I have a couple brines I'll use on occasion for pulled pork, but only when I'm in the mood.  Haven't brined one in a while though.  Both are modifications of brines I found online. 

Here's a simple one I believe I got off the Traeger website (yep, just looked).  I made very small changes. 

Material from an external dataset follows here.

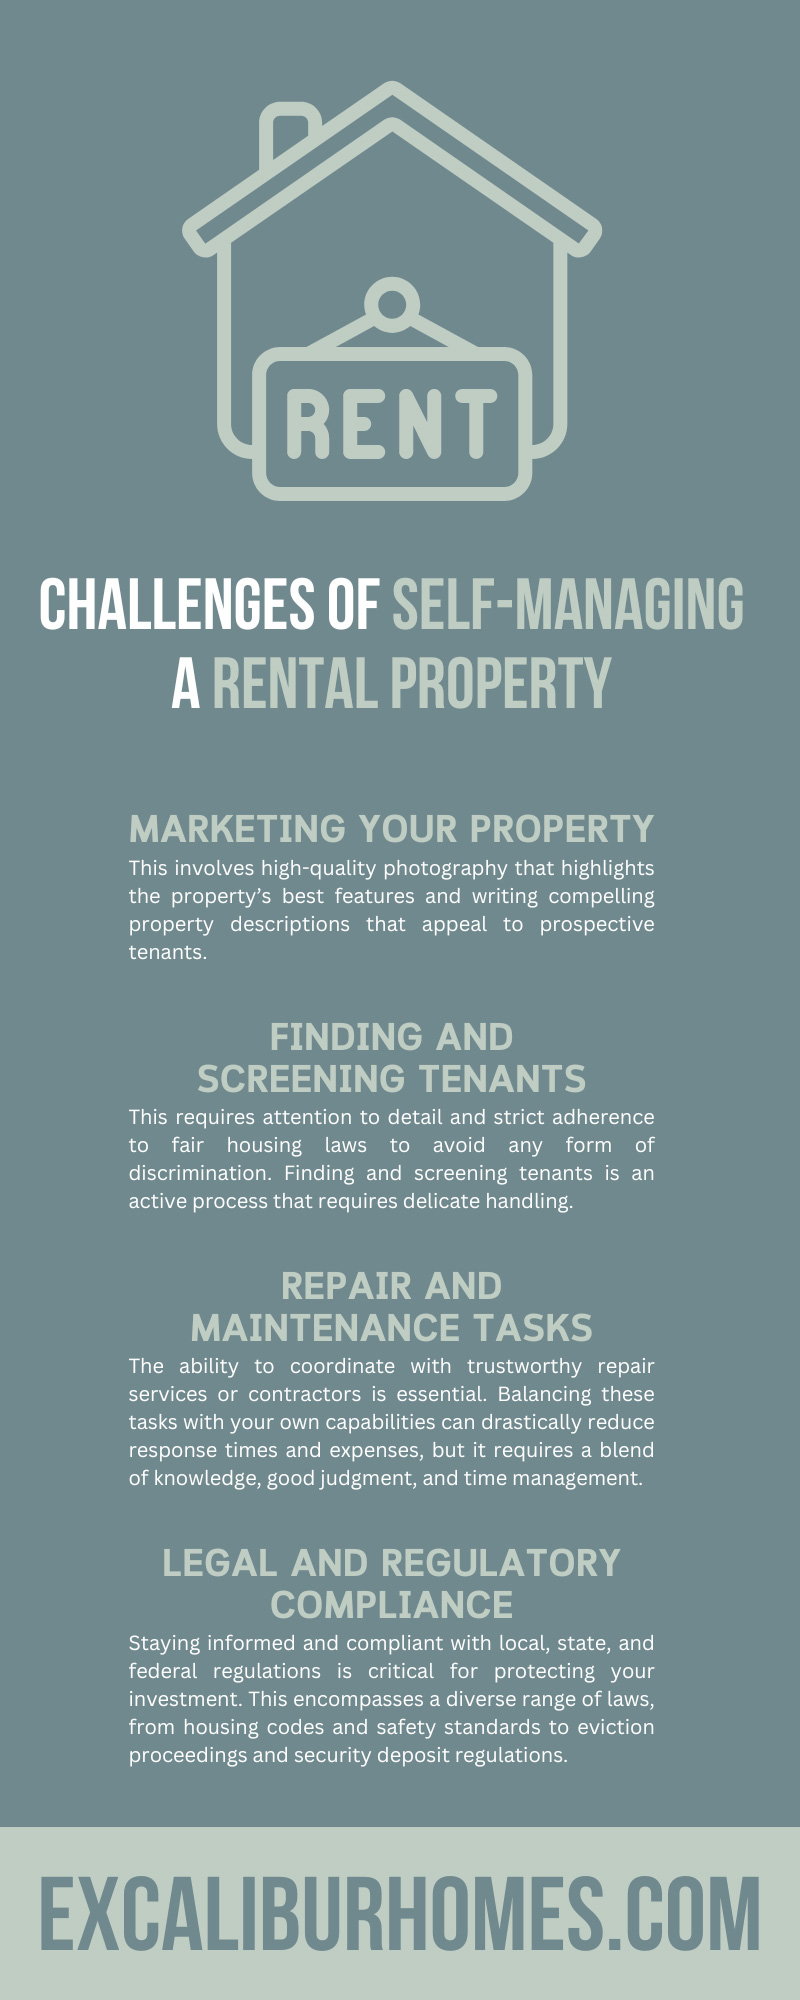 9 Challenges of Self-Managing a Rental Property
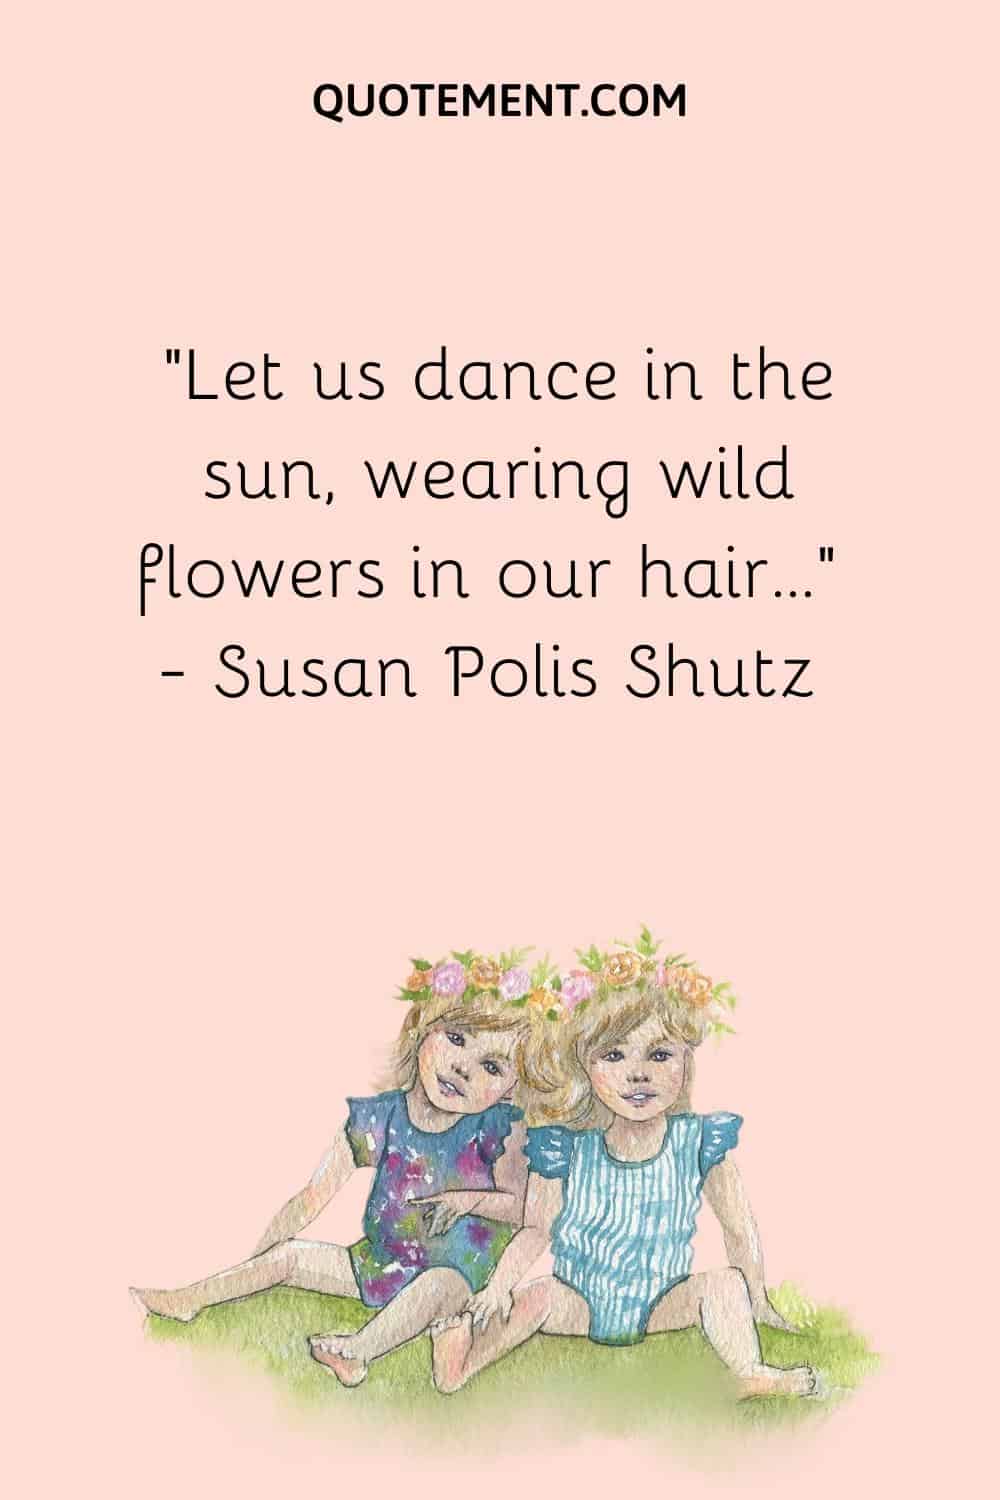 “Let us dance in the sun, wearing wild flowers in our hair…” — Susan Polis Shutz

*Pulled Pork Apple Juice Brine*

This is enough to brine a 6-10 lb butt/shoulder.

*Ingredients*
8 cups apple juice, cold
4 cups ice water
1/2 cup Worcestershire sauce
1/2 cup salt
1/2 cup dark brown sugar or molasses
1/2 tsp Prague Powder #1

*Directions*

1. Put ingredients in a large bowl or pot and stir until the salt and sugar or molasses is dissolved.  Put the meat in a pot and inject with the brine.  Cover the meat with the brine and store in the refrigerator or an ice packed cooler for up to 24 hours.  Discard the brine after use.


----------



## joe black (Aug 29, 2015)

Even the pic on the box looks hammy.  

Your hubby's opinion of the 2 products is the same line that I used on my first wife, " I  like you both, just in different ways".


----------



## GaryHibbert (Aug 29, 2015)

Hey Cael

Yeah, it looks cured to me.

Gary


----------



## chef jimmyj (Aug 29, 2015)

Pretty Pink color usually says some Cure. Found this with a search for Kirkland Pulled Pork Ingredients, contains Nitrite...JJ

http://www.fooducate.com/app#page=product&id=0FD3E34C-59D9-11E0-A55F-1231380C180E


----------



## cael (Aug 31, 2015)

Thanks everyone!

That makes a lot of sense.     We might try curing our next one just to see.    :)


----------